Optimum capital structure refers to the best mix of debt and equity financing that maximizes a companys market value while minimizing its cost of capital. The goal of any corporate finance department should be to find the optimal capital structure that will result in the lowest weighted average cost of capital (WACC) and the maximum value of the company (shareholder wealth) . The lower the cost of capital, the greater the present value of the firms future cash flows, discounted by the WACC.
The key features of optimum capital structure are its simplicity and ability to ensure maximum profitability by minimizing the cost of capital. It works on the aspects of control, conservatism, flexibility, and a regulated debt-equity mix. The optimum capital structure plays a crucial role in financial management, allowing a firm to raise the necessary funds from different sources at the least cost.
Determinants of optimum capital structure include maximizing the companys wealth, minimizing the cost of capital, simplicity in structure, and maintaining control. The theories of capital structure include the M + M (No Tax), M + M (With Tax), Traditional Theory, and the Pecking Order. The trade-off theory of capital structure tells us that managers should seek an optimal mix of equity and debt that minimizes the firms WACC, which in turn maximizes company value.

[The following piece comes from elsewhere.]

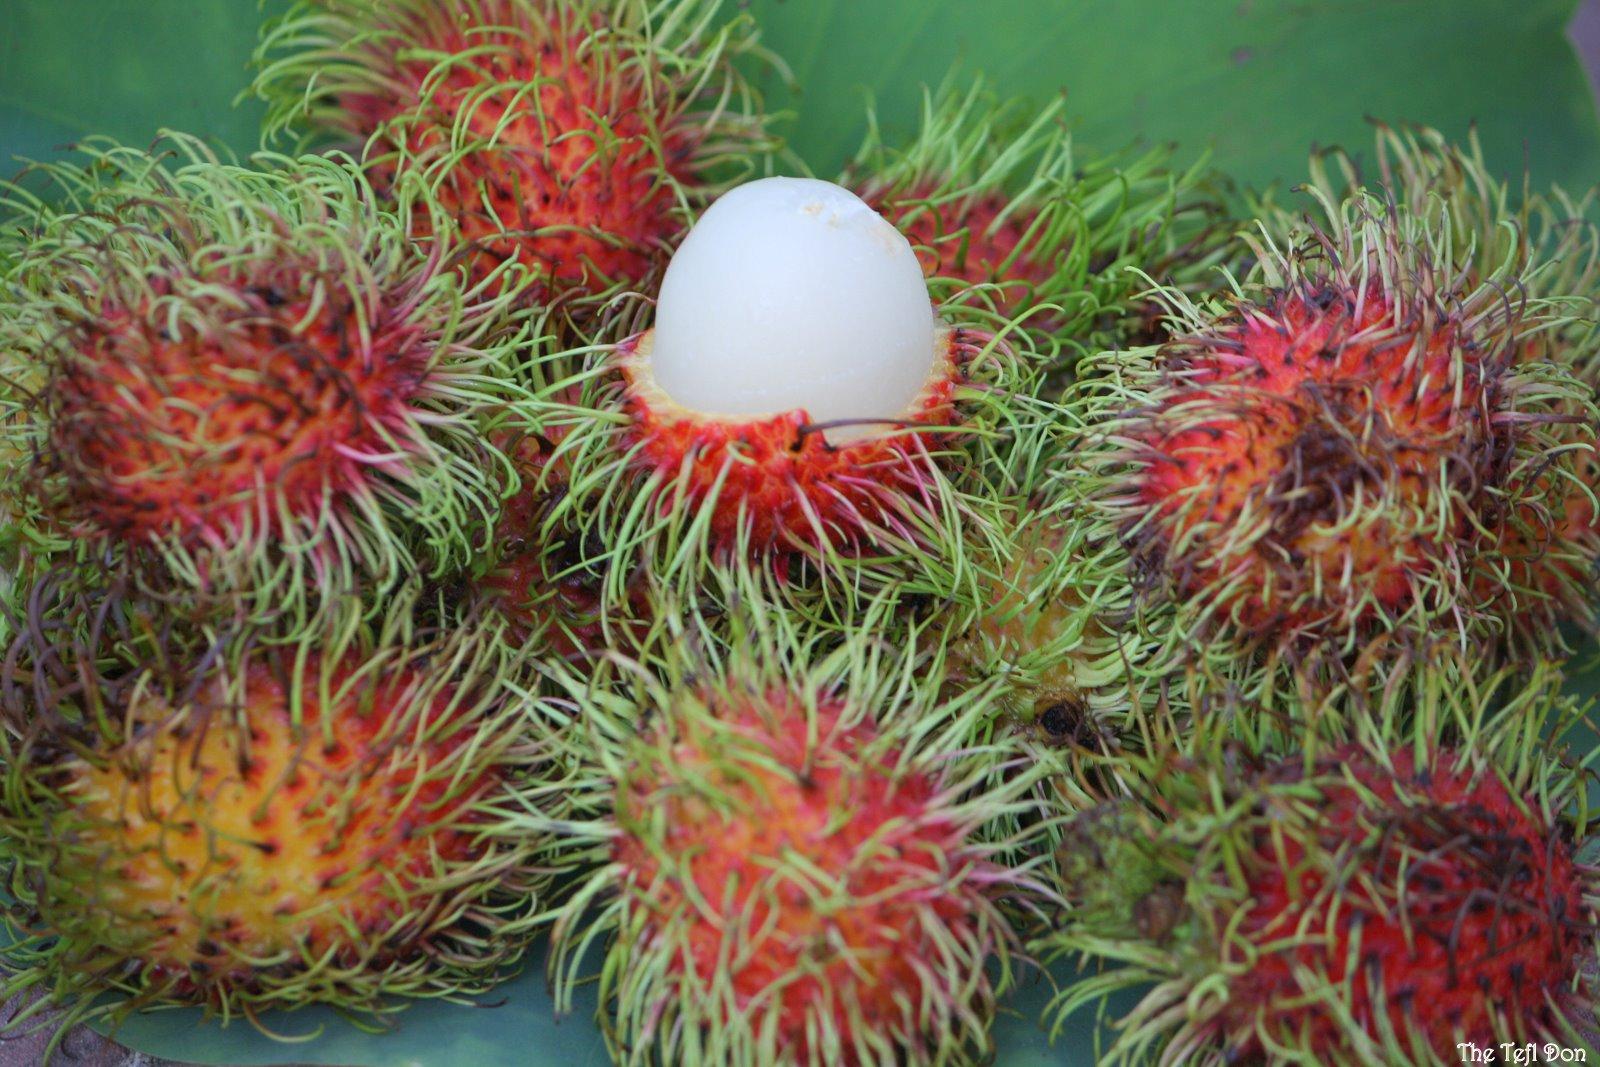 http://4.bp.blogspot.com/-84lPN1WaMAo/TZyYA9Rlp-I/AAAAAAAABK0/siEewSKGKgc/s1600/Rambutan+Fruit+Tropical+Fruit.JPG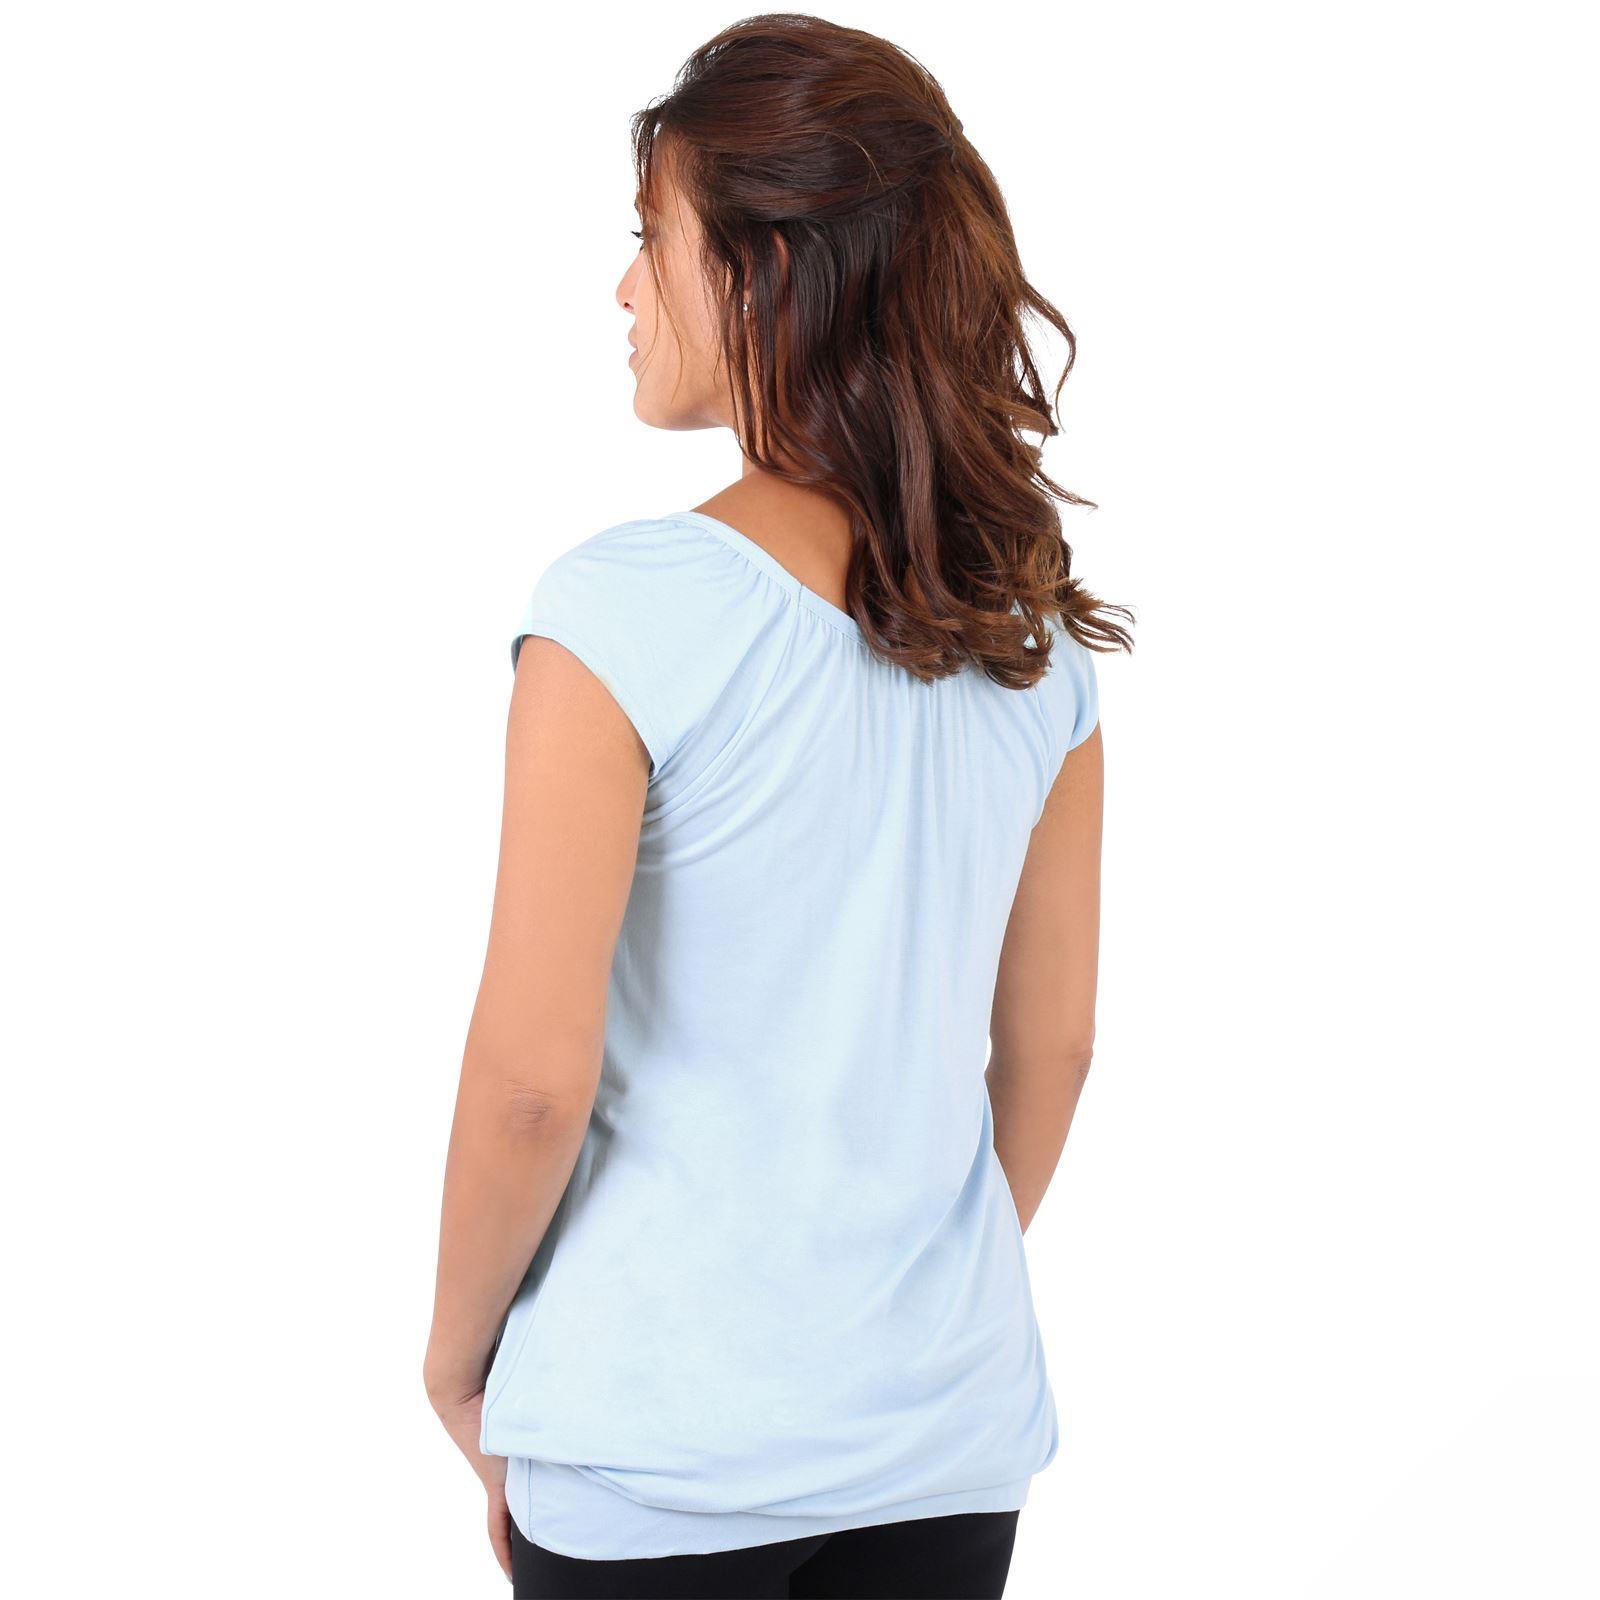 Womens-Ladies-Plain-T-Shirt-Short-Sleeve-Long-Loose-V-Neck-Blouse-Tunic-Top thumbnail 5

In summary, the optimum capital structure is the best mix of debt and equity financing that maximizes a companys market value while minimizing its cost of capital. It is crucial for financial management and involves a trade-off between the benefits of higher leverage and the costs of financial distress. The goal of any corporate finance department should be to find the optimal capital structure that will result in the lowest WACC and the maximum value of the company.